Earlier this year I talked about OutOfMemory Java Exceptions I was experiencing. Now I find myself back in the position of writing Java Agents that could potentially leak memory and I'm still really non-the-wiser as to whether I'm clearing up after myself properly in my code.

The code I've written generates PDFs and both emails them and attaches to document. There are OutputStream, InputStreams, ByteArrays, Streams, MimeEntities not to mention all the Domino objects being used.

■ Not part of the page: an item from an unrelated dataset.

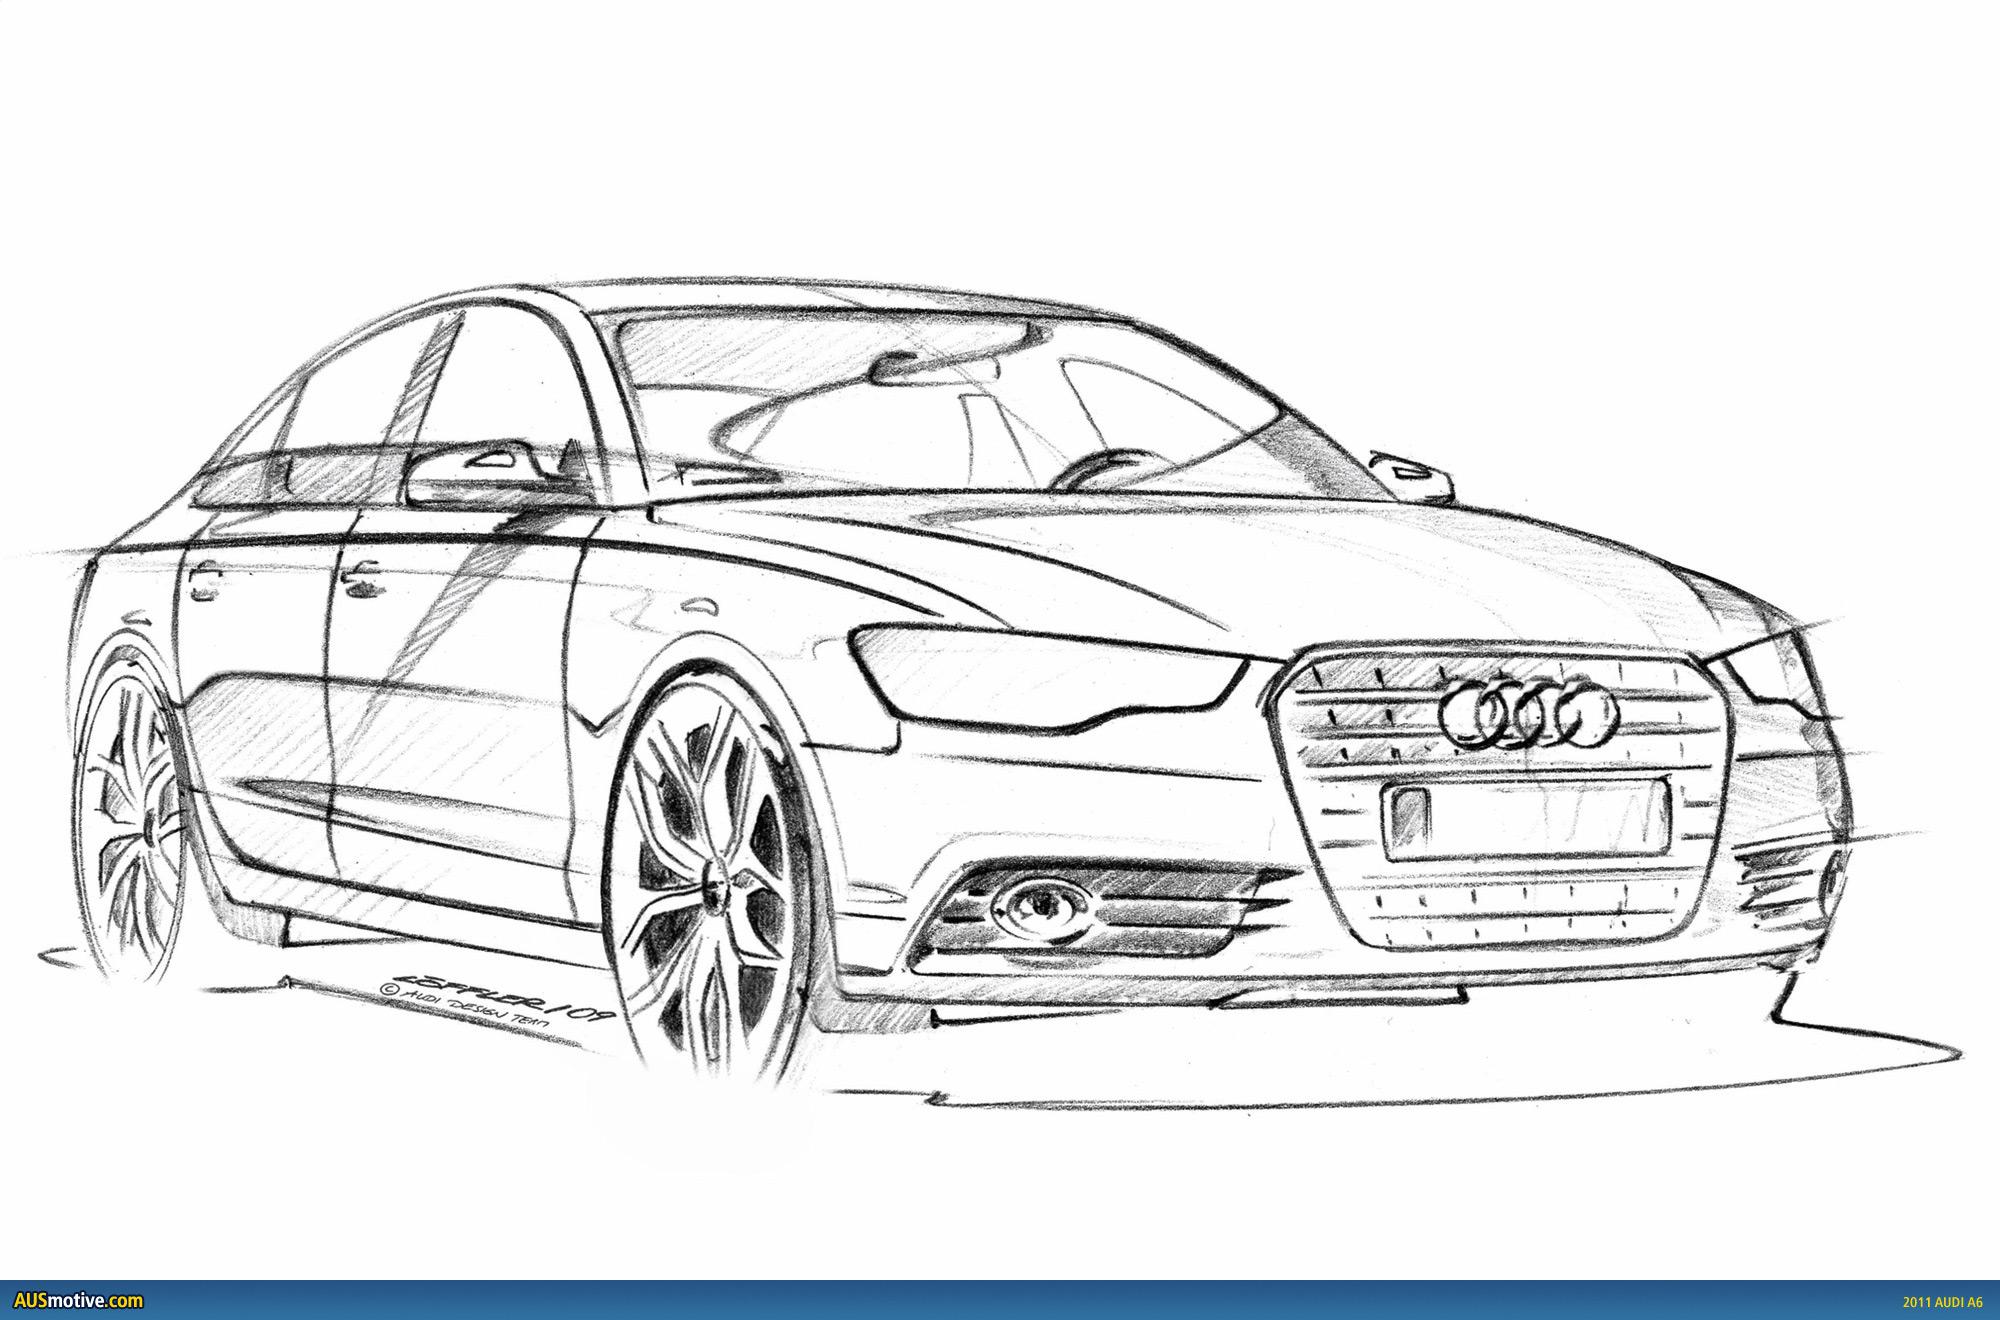 AUSmotive.com » 2011 Audi A6

I've done my best to close, flush and recycle everything. But I'm still paranoid. I don't want to be responsible for killing no server.

Stressing Out

So, I've been stress testing the server. Big time. To do this I added a Page in the database and threw together the tool you see below, which lets me tell it which URL to stress test and when I press "Go" it makes a request for that URL once every second until I tell it to stop.

image

The output you see in the textarea is the JSON I got the Agent to return. The Agent does it's usual business of creating the PDF and storing in a document. It then returns some information about the JVM's memory usage. To do this the Agent ends with this code:

out.println("Content-Type: text/plain");
out.println("");
out.println("{\"memory\":"+
    "{\"total\":"+Long.toString(Runtime.getRuntime().totalMemory())+
    ",\"free\":"+Long.toString(Runtime.getRuntime().freeMemory())+"}}");

I then left the Ajax code running and calling the code once a second. Overnight!

By the morning it had made 45,000 calls. Total Memory had fallen from 30.8MB to 18.4MB.

The "free" memory had fallen from a range of between 19mb to 400kb to a range of between 4.5mb to 500kb!!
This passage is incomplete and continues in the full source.